В кабине, по бортам на уровне бёдер, прикреплены и законтрены рукоятки аварийного выпуска шасси, две скобы, выкрашенные в ярко-красный цвет. Влад взялся рукой за левую, провернул её, вырывая из пут контровочной проволоки и потянул на себя, послышался приглушённый стук — левая вышла. Правой рукой проделал ту же процедуру, но контровку не сразу удалось порвать, техники не пожалели применить проволоку потолще. Правой скобой сбрасывались с замков носовая и правая стойки шасси — усилие для этого требовалось заметно больше. Влад содрал до крови кожу на руке и рванул на себя скобу.

— Ну… давай, выходи! — через мгновение послышался двойной приглушенный стук, — всё, есть!

На индикаторе светились зелёным все три лампы.

— Вышка, девятнадцатый, шасси выпустил, зелёные горят.

— Молодец, заходи на посадку девятнадцатый.

Влад почувствовал, как комбинезон прилип к мокрой спине.

— Дааа, не очень-то хотелось бы катапультироваться, а ведь могли приказать, не выйди правая лапка. Тут тепло, не дует, а туда, наружу, выстрелишься навстречу ветру, на скорости пятьсот километров в час и жди, раскроется ли парашют, приземлишься ли на провода или деревья…

— Девятнадцатый понял, посадку разрешили.

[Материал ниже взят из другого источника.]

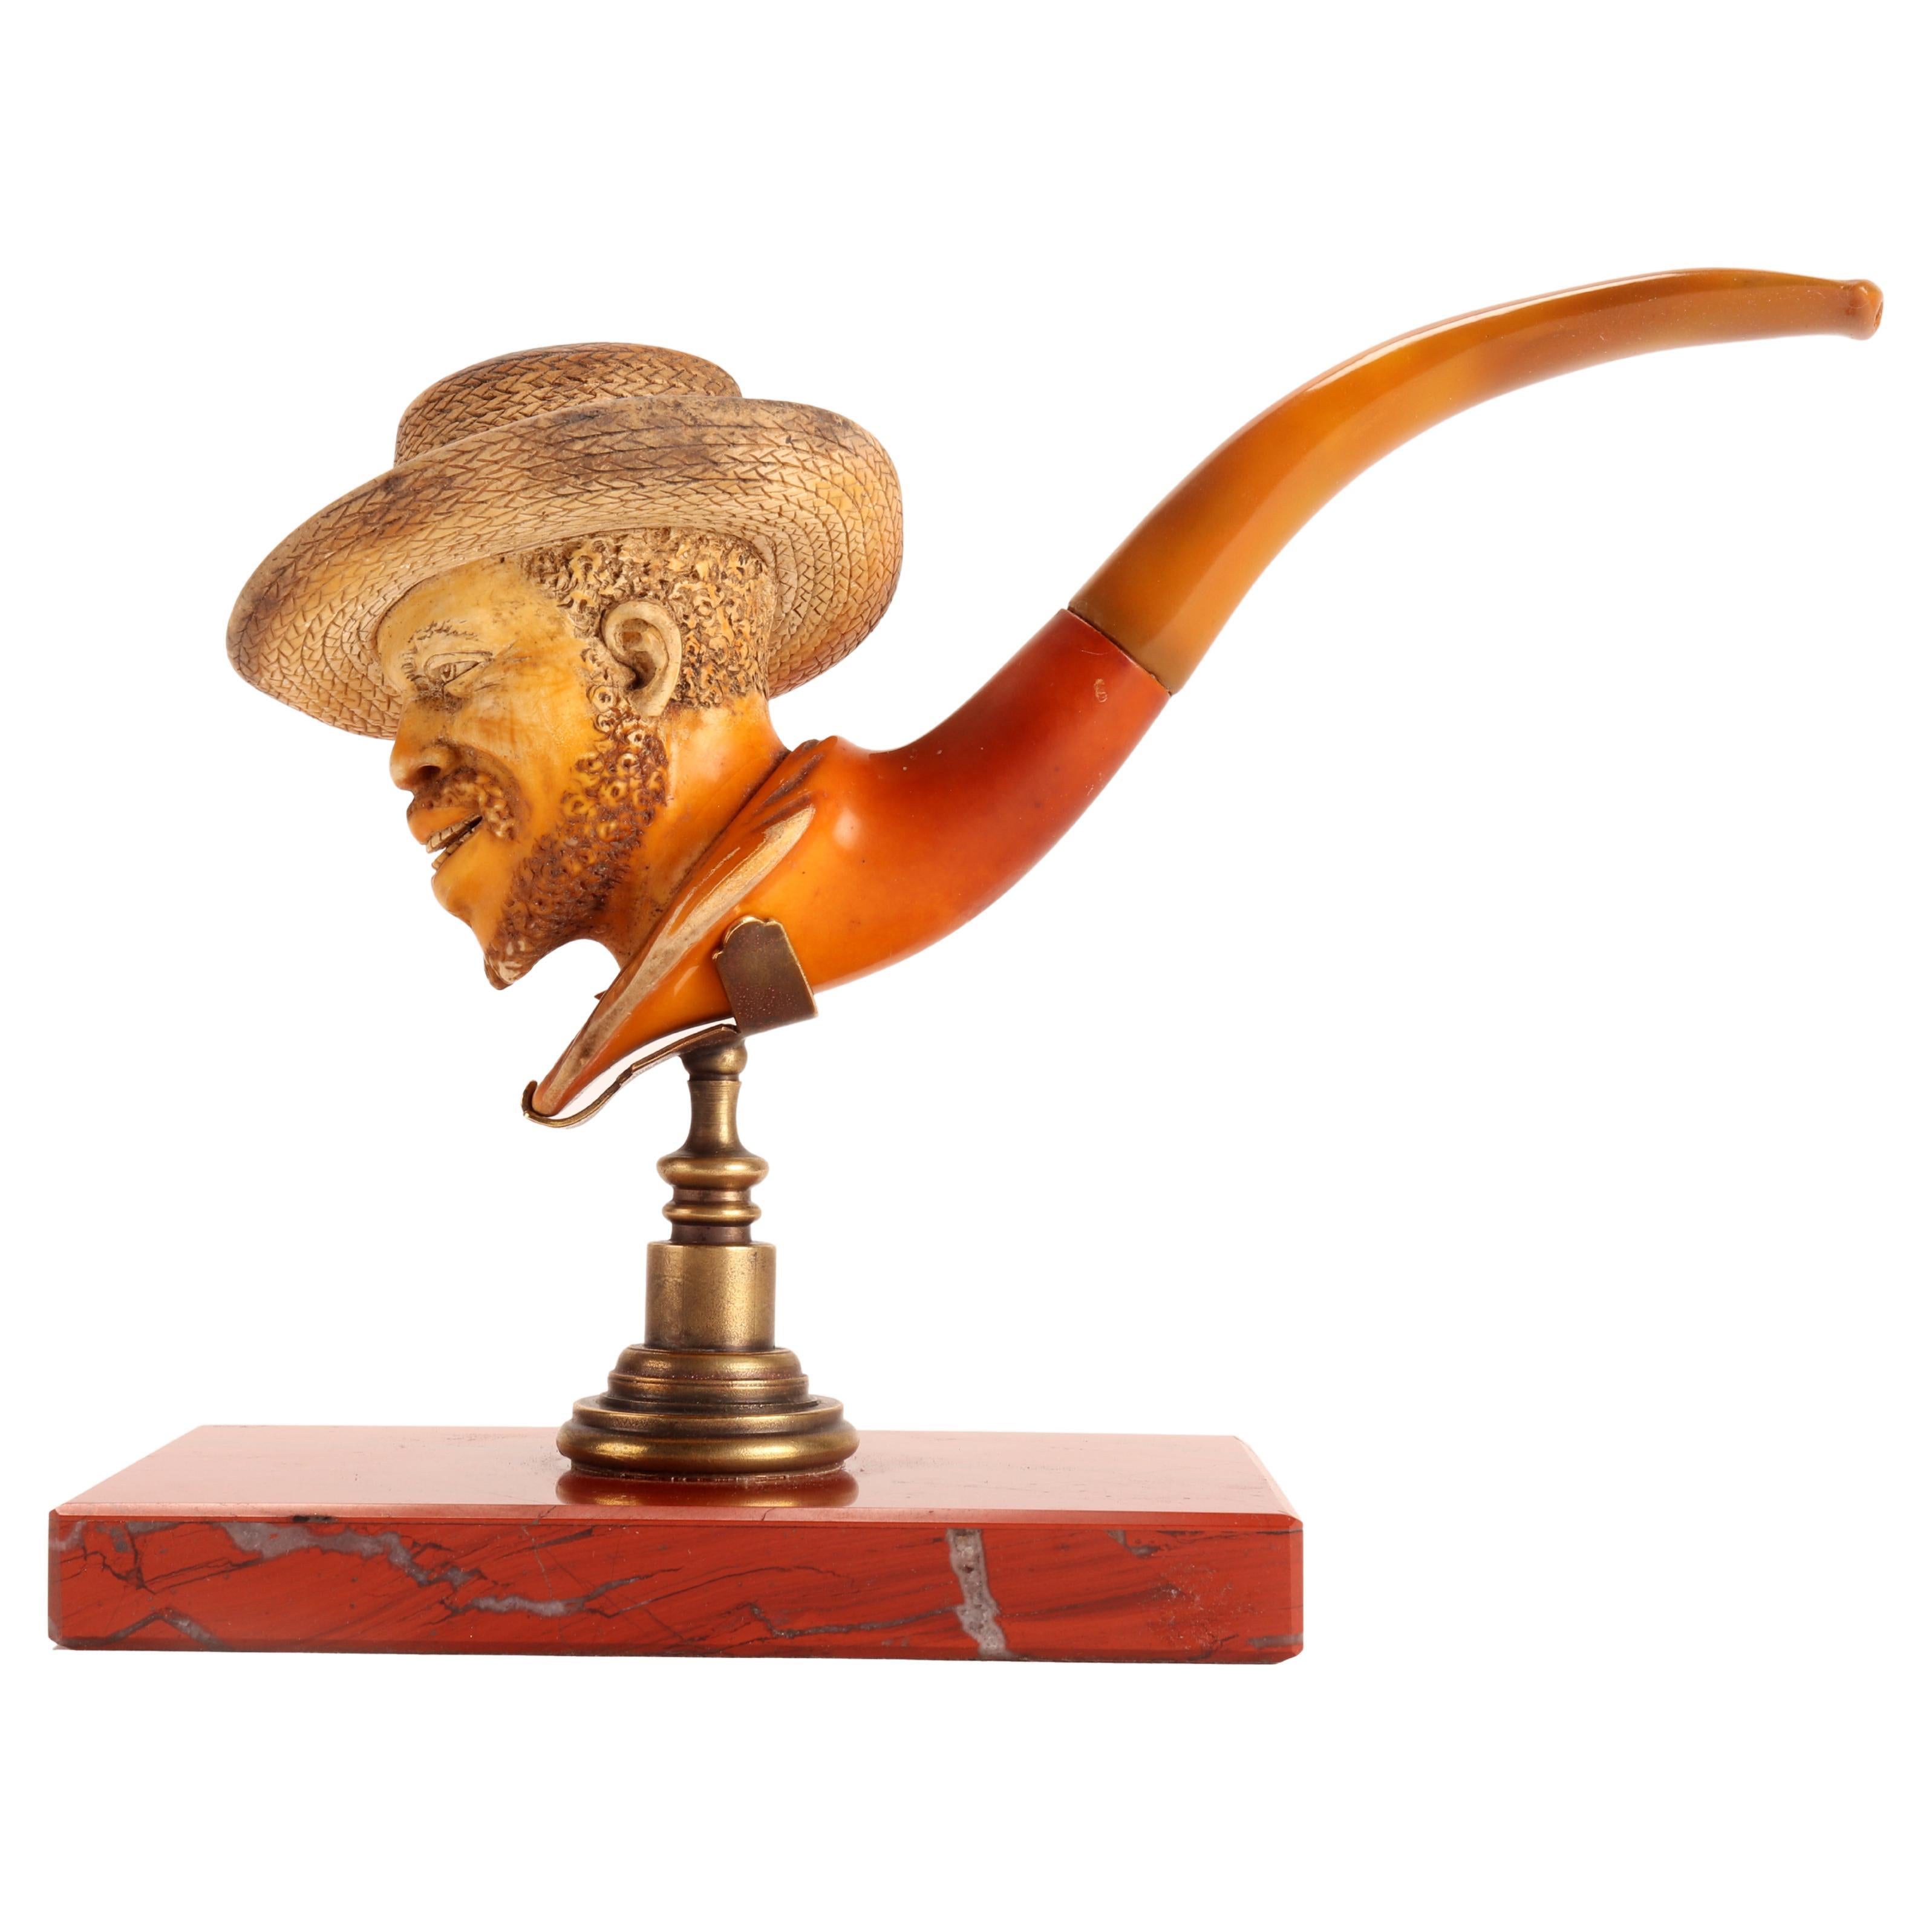 Big Meershaum Pipe Depicting a Man’s Head with a Hat, Vienna 1880

Выполнив четвёртый разворот Влад, глядя через бронестекло на ВПП, понял, что заходит ниже нормальной глиссады. Прибавив оборотов двигателю, увеличил скорость, но всё же к моменту выравнивания подошёл по более пологой траектории. Коснулся полосы мягко, но на повышенной скорости и вот тут допустил небольшую небрежность, из-за которой в авиации часто и случаются трагедии. Зная, что надо быстрее начинать торможение, чтобы успеть погасить скорость, он резковато опустил нос истребителя в горизонтальное положение. Из-за этого амортизационная стойка носового колеса шасси сжалась больше чем обычно и при обратном ходе подбросила нос самолёта вверх. На самом деле угол подъёма носовой части не был катастрофичным, но из кабины всё выглядело так, что казалось, будто самолёт взмыл высоко в небо — нос заслонил собой весь горизонт, видна была только синь небесная. Ну и конечно рефлекс сработал, автоматически ручку управления — от себя, чтобы не уйти далеко от земли, и опять носовая стойка сжалась при встрече с бетоном и подбросила нос истребителя ещё выше, теперь самолёт уже взмыл на пару метров.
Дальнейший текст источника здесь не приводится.